What to work on> Write the entries out exactly. Any images they hold stay out of the copy.

Extracted information>
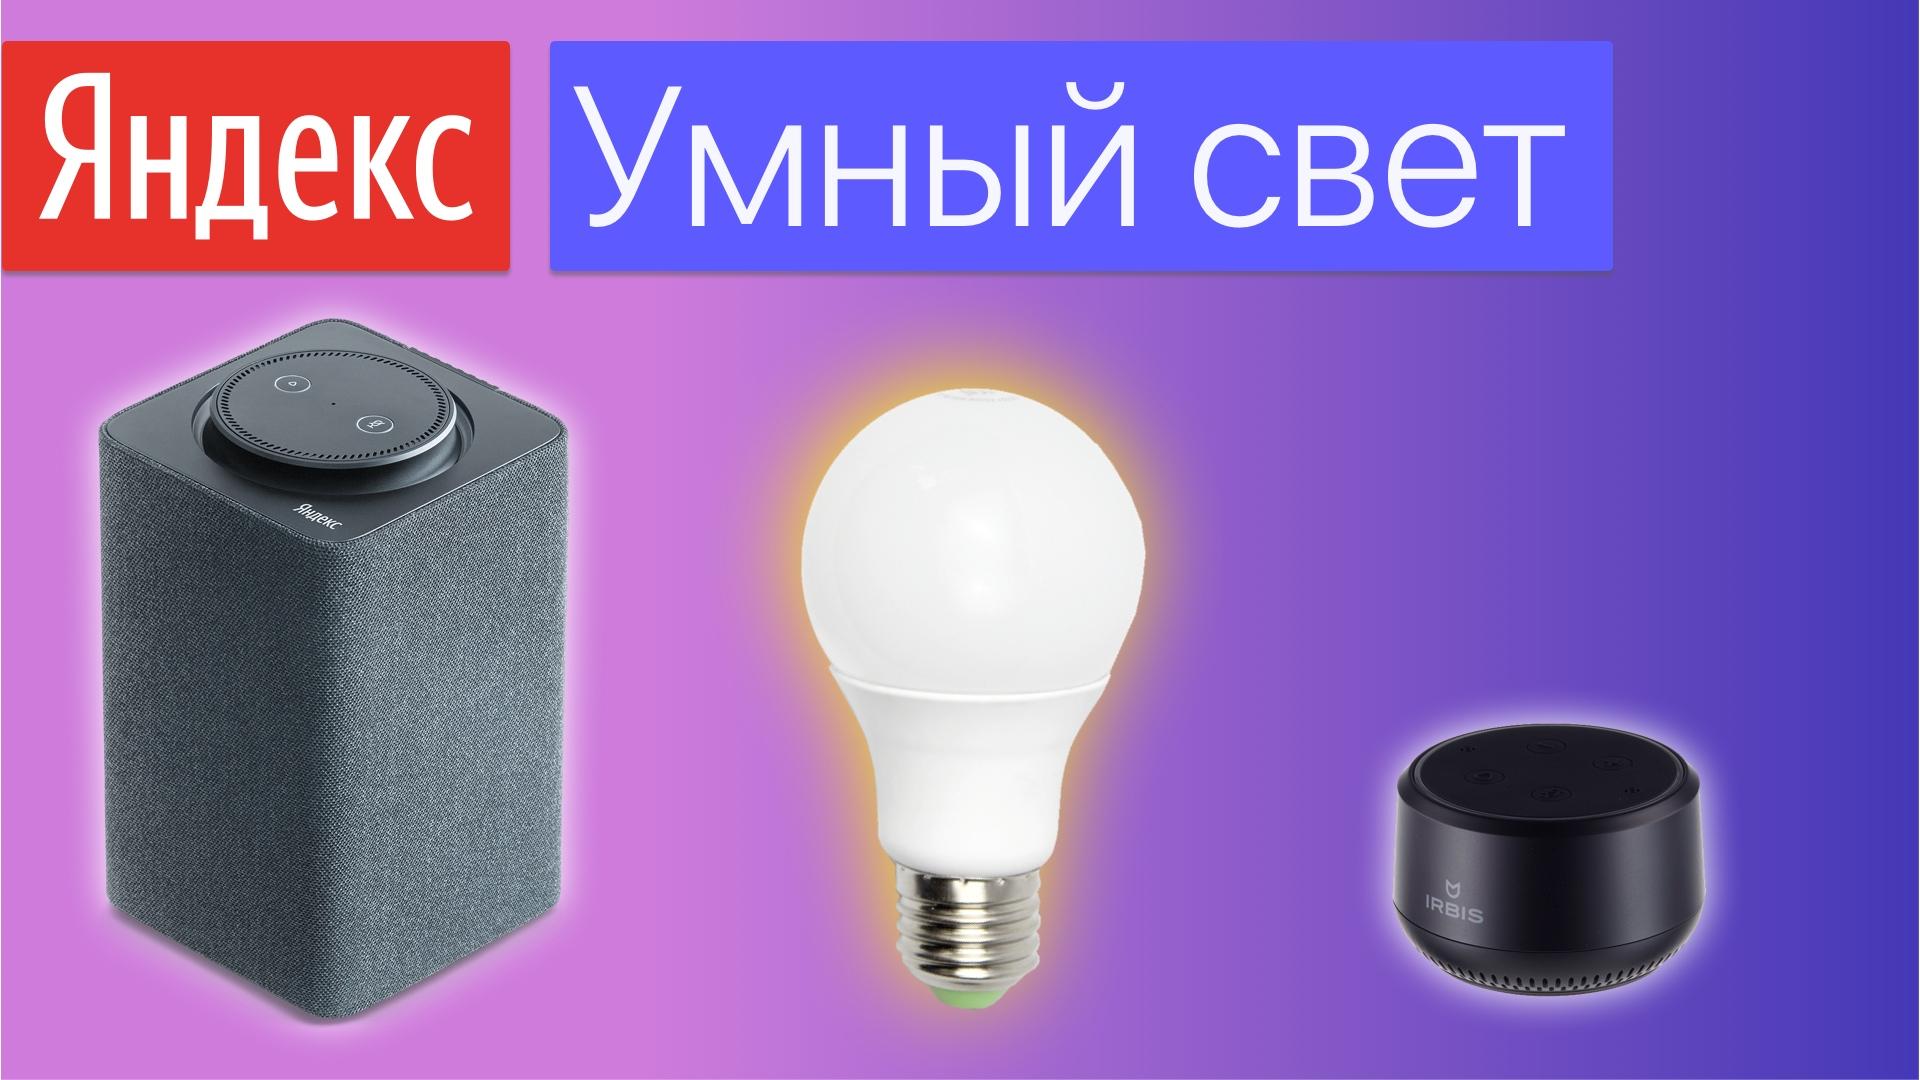 Обзор Yandex Дома и лампочки
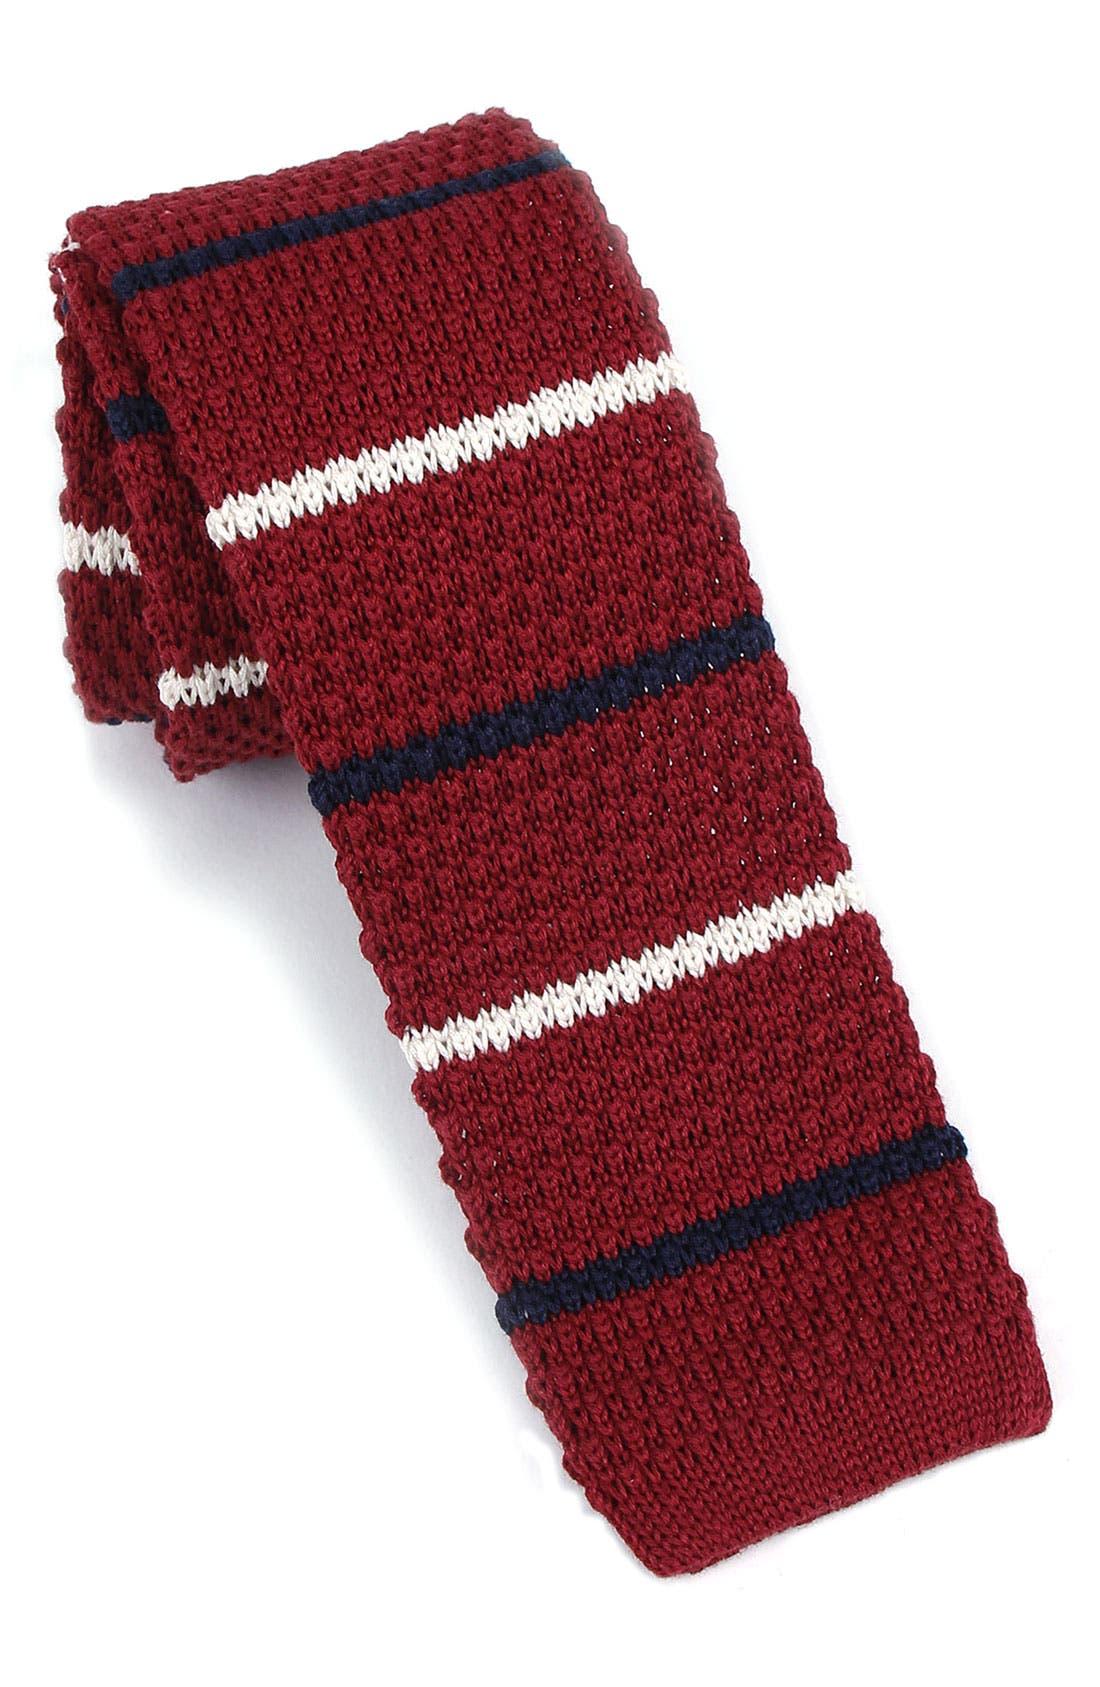 Alternate Image 1 Selected - 1901 Skinny Knit Tie
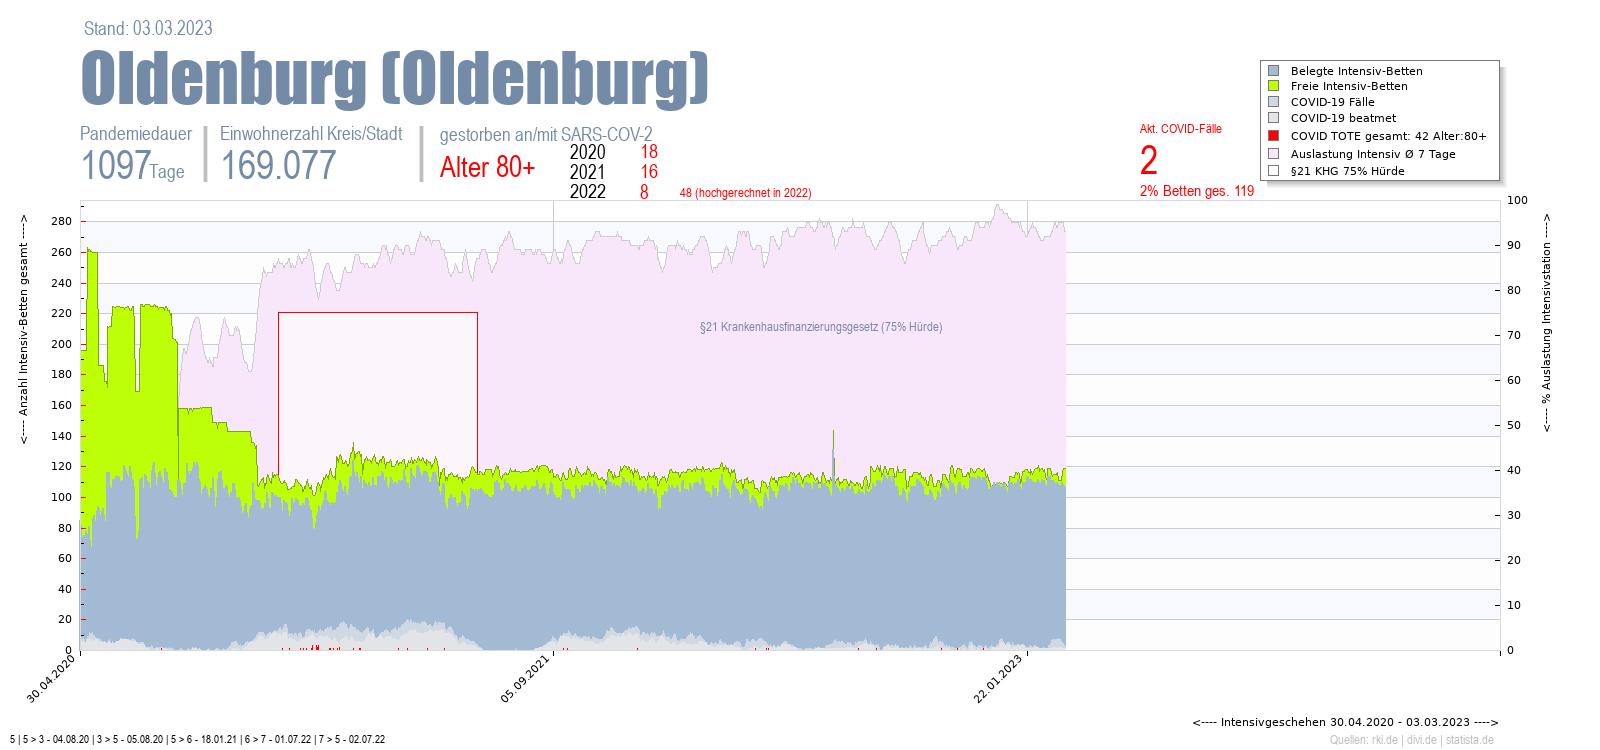 Intensivstation Auslastung Oldenburg (Oldenburg) Alter 0-4
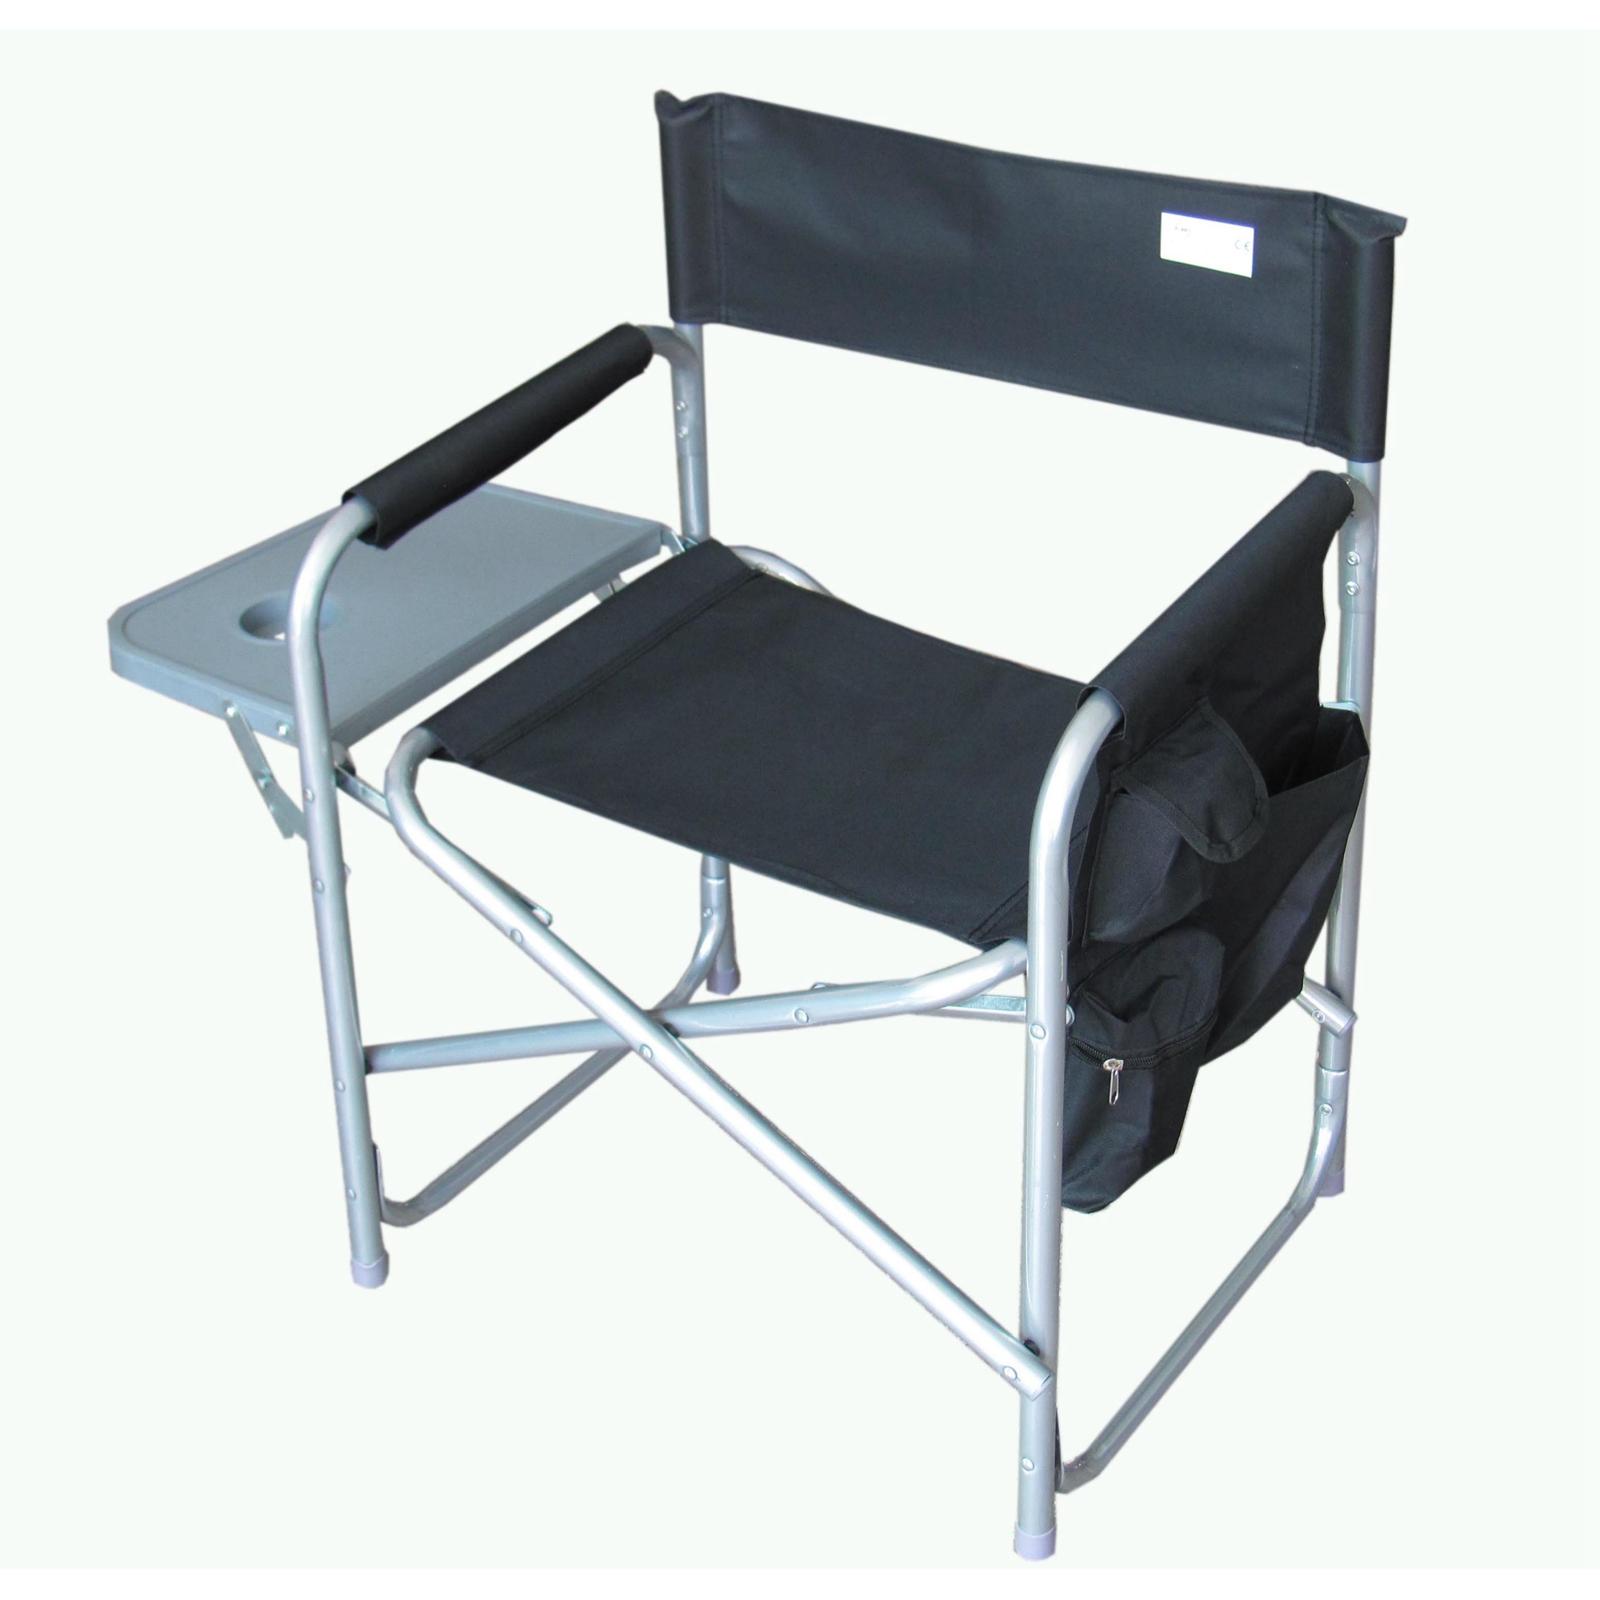 portable folding floor chairs glider rocking chair walmart fishing camping outdoor garden seat
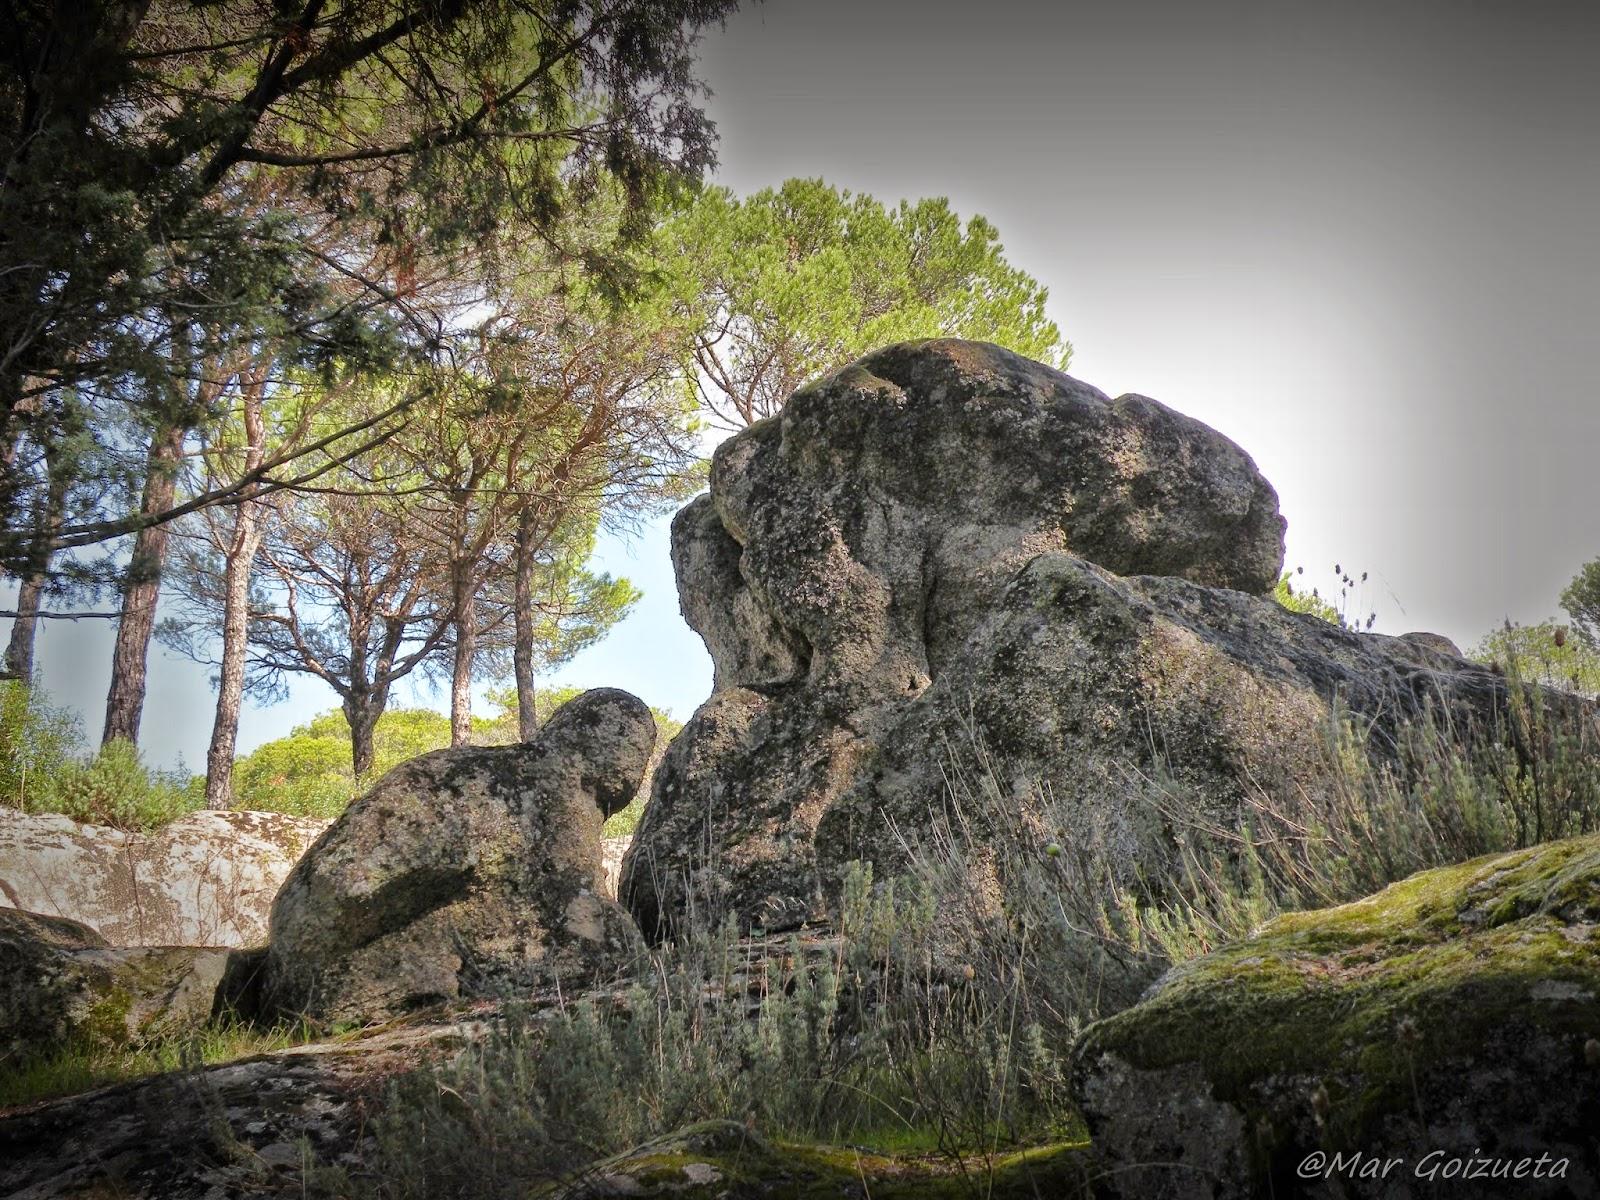 El Arrodillado de piedra. Foto Mar Goizueta

Task answer>
 Обзор Yandex Дома и лампочки
 Alternate Image 1 Selected - 1901 Skinny Knit Tie
 Intensivstation Auslastung Oldenburg (Oldenburg) Alter 0-4
 portable folding floor chairs glider rocking chair walmart fishing camping outdoor garden seat
 El Arrodillado de piedra. Foto Mar Goizueta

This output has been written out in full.